(Beginning of Information shown)

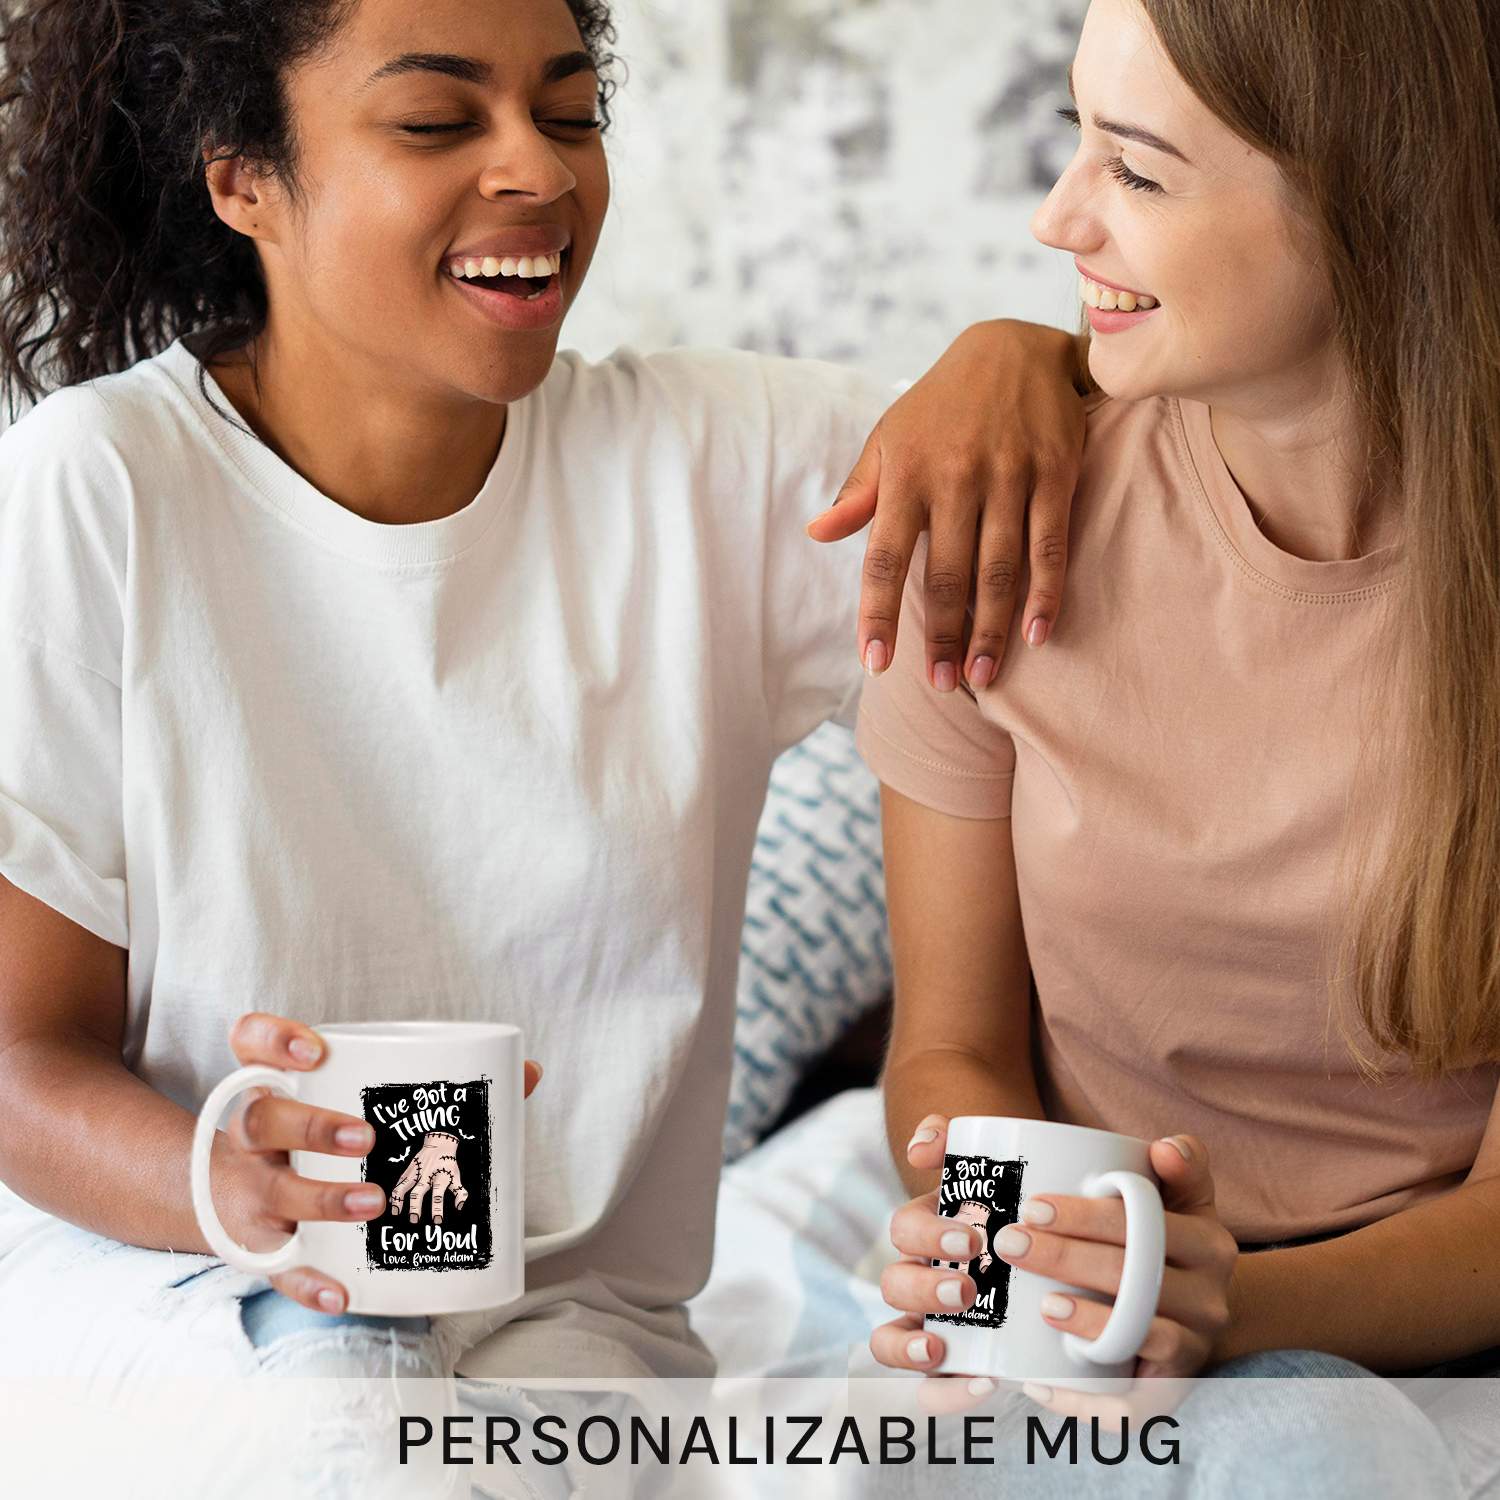 I've Got A Thing For You - Personalized Anniversary or Halloween gift for Boyfriend or Girlfriend - Custom Mug - MyMindfulGifts
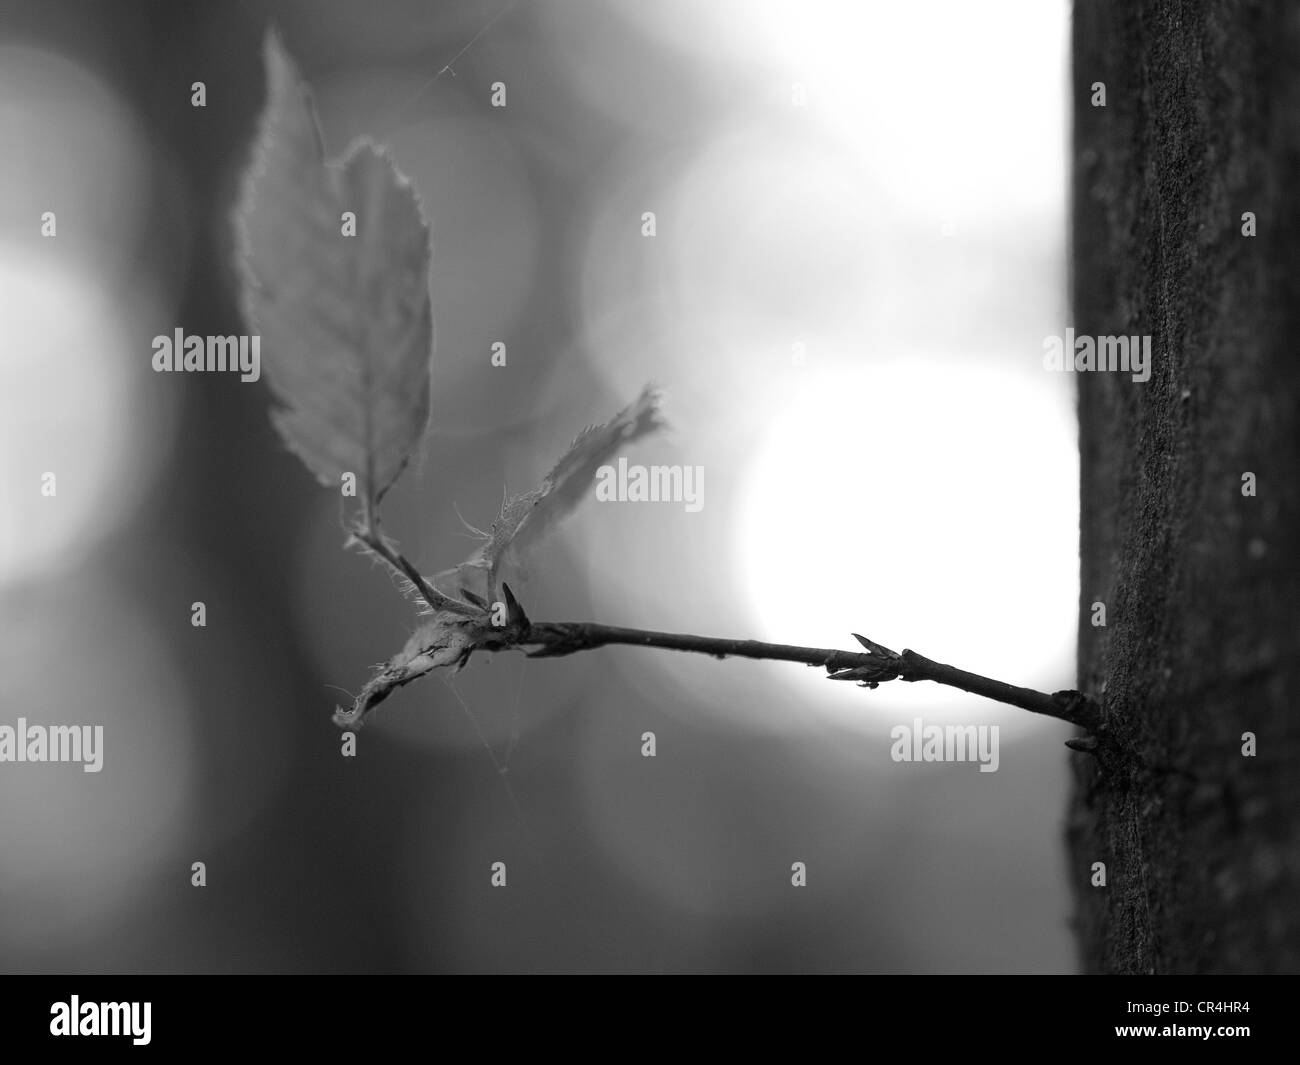 A small branch with young leaves on a trunk - black and white photography Stock Photo
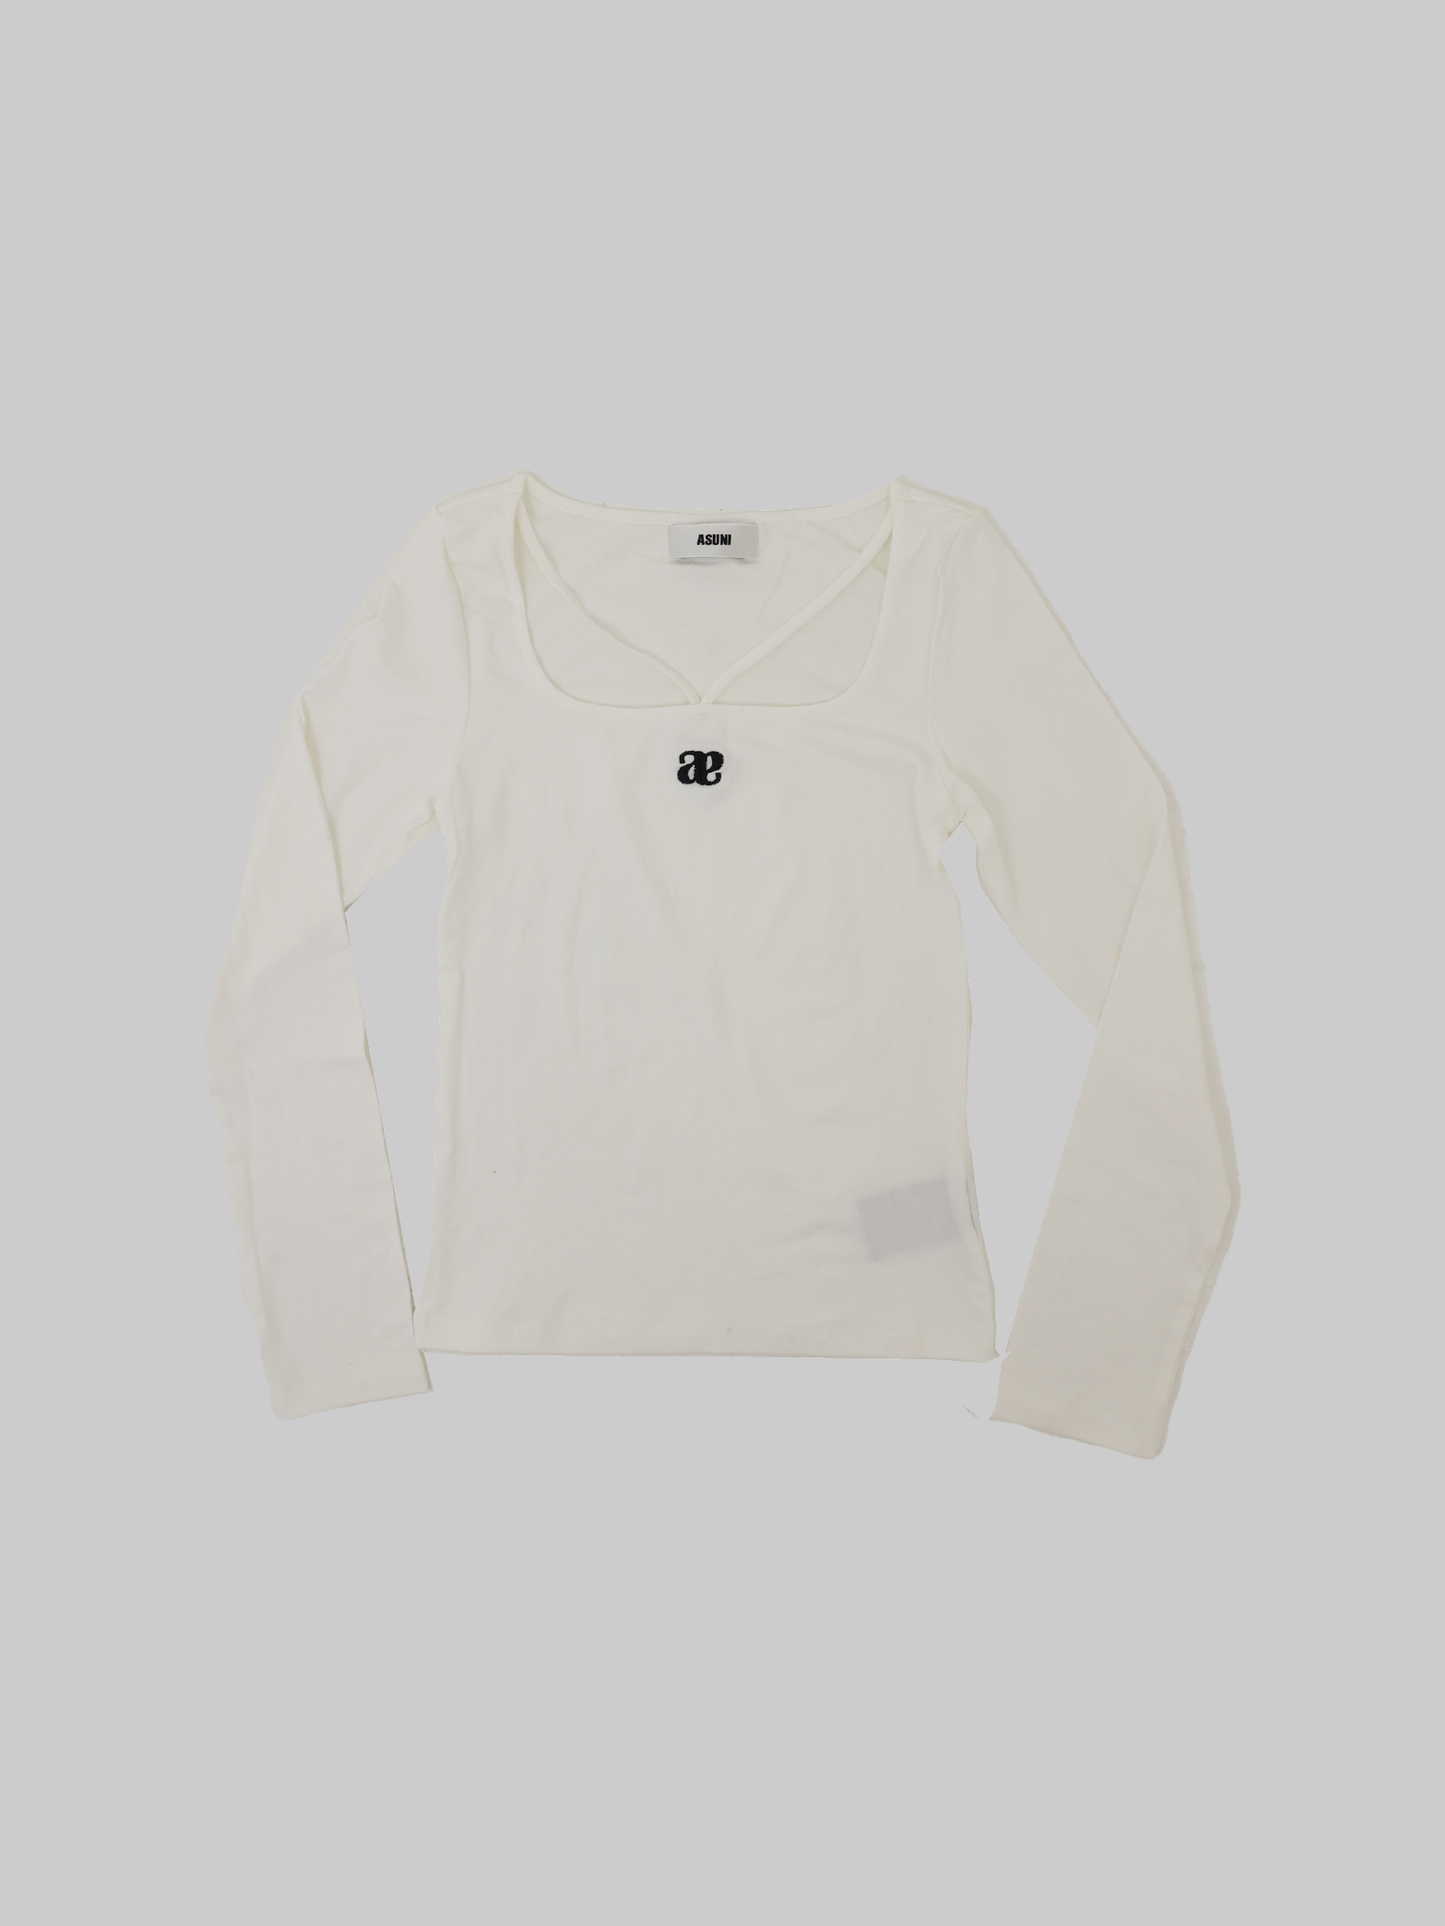 Double A long sleeve top in white
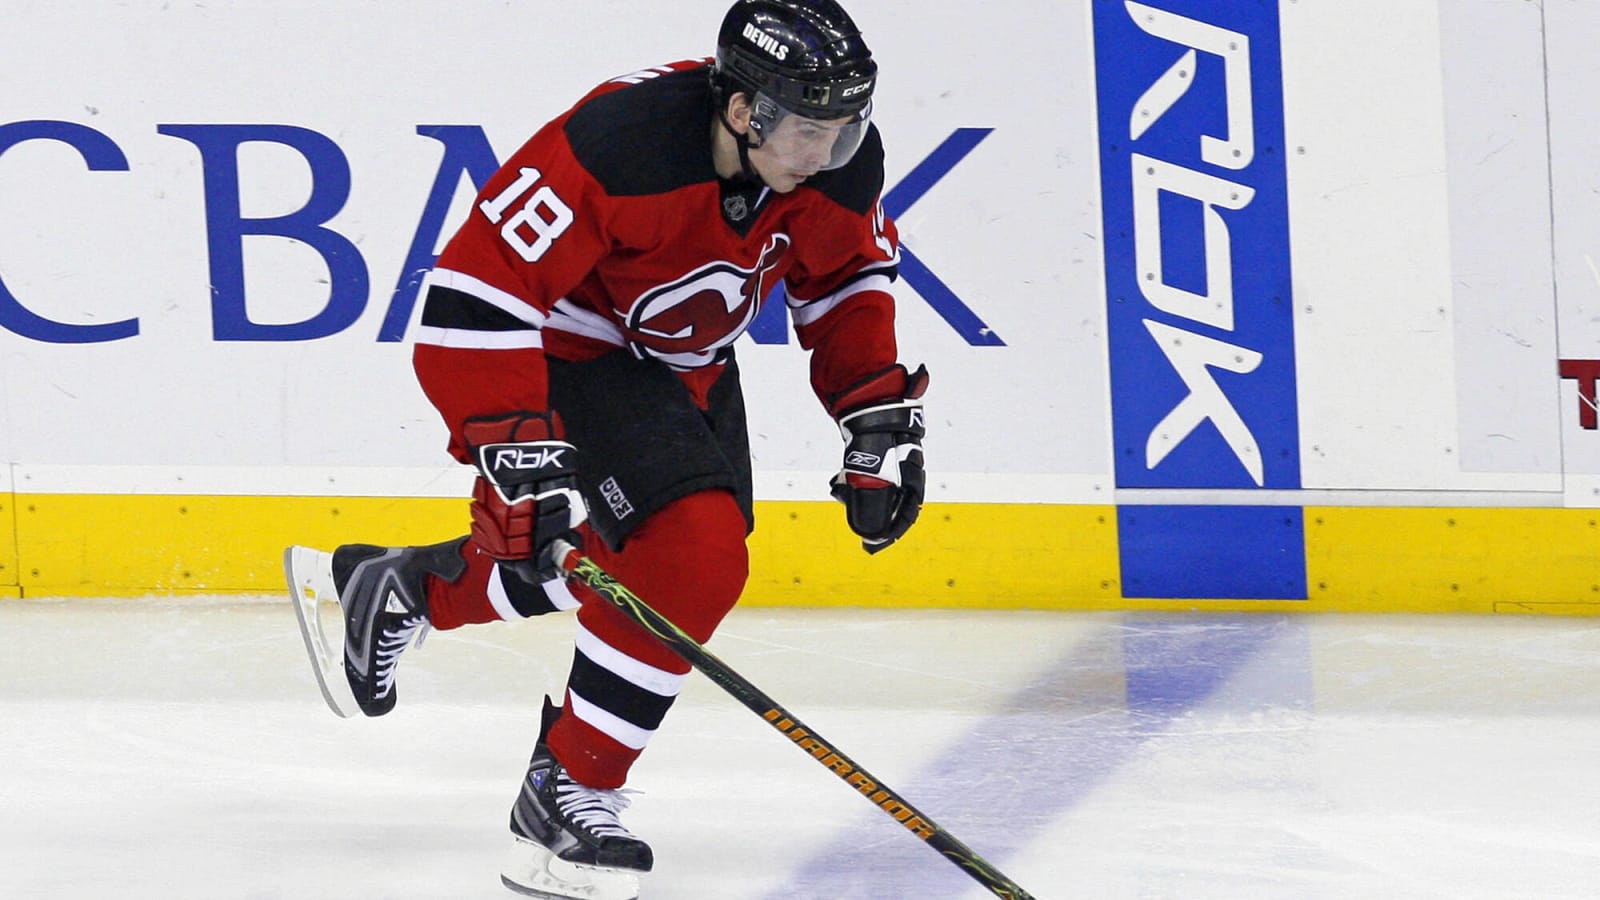 Devils’ Sergei Brylin’s Number Should be Retired

(End of Information shown)

> **Exercise aim**:
Restrict the output to the lines from the one with "A small branch" through the last line of the material above. Print them exactly, leaving out every picture.

> **Result**:
 A small branch with young leaves on a trunk - black and white photography Stock Photo
 Double A long sleeve top in white
 Devils’ Sergei Brylin’s Number Should be Retired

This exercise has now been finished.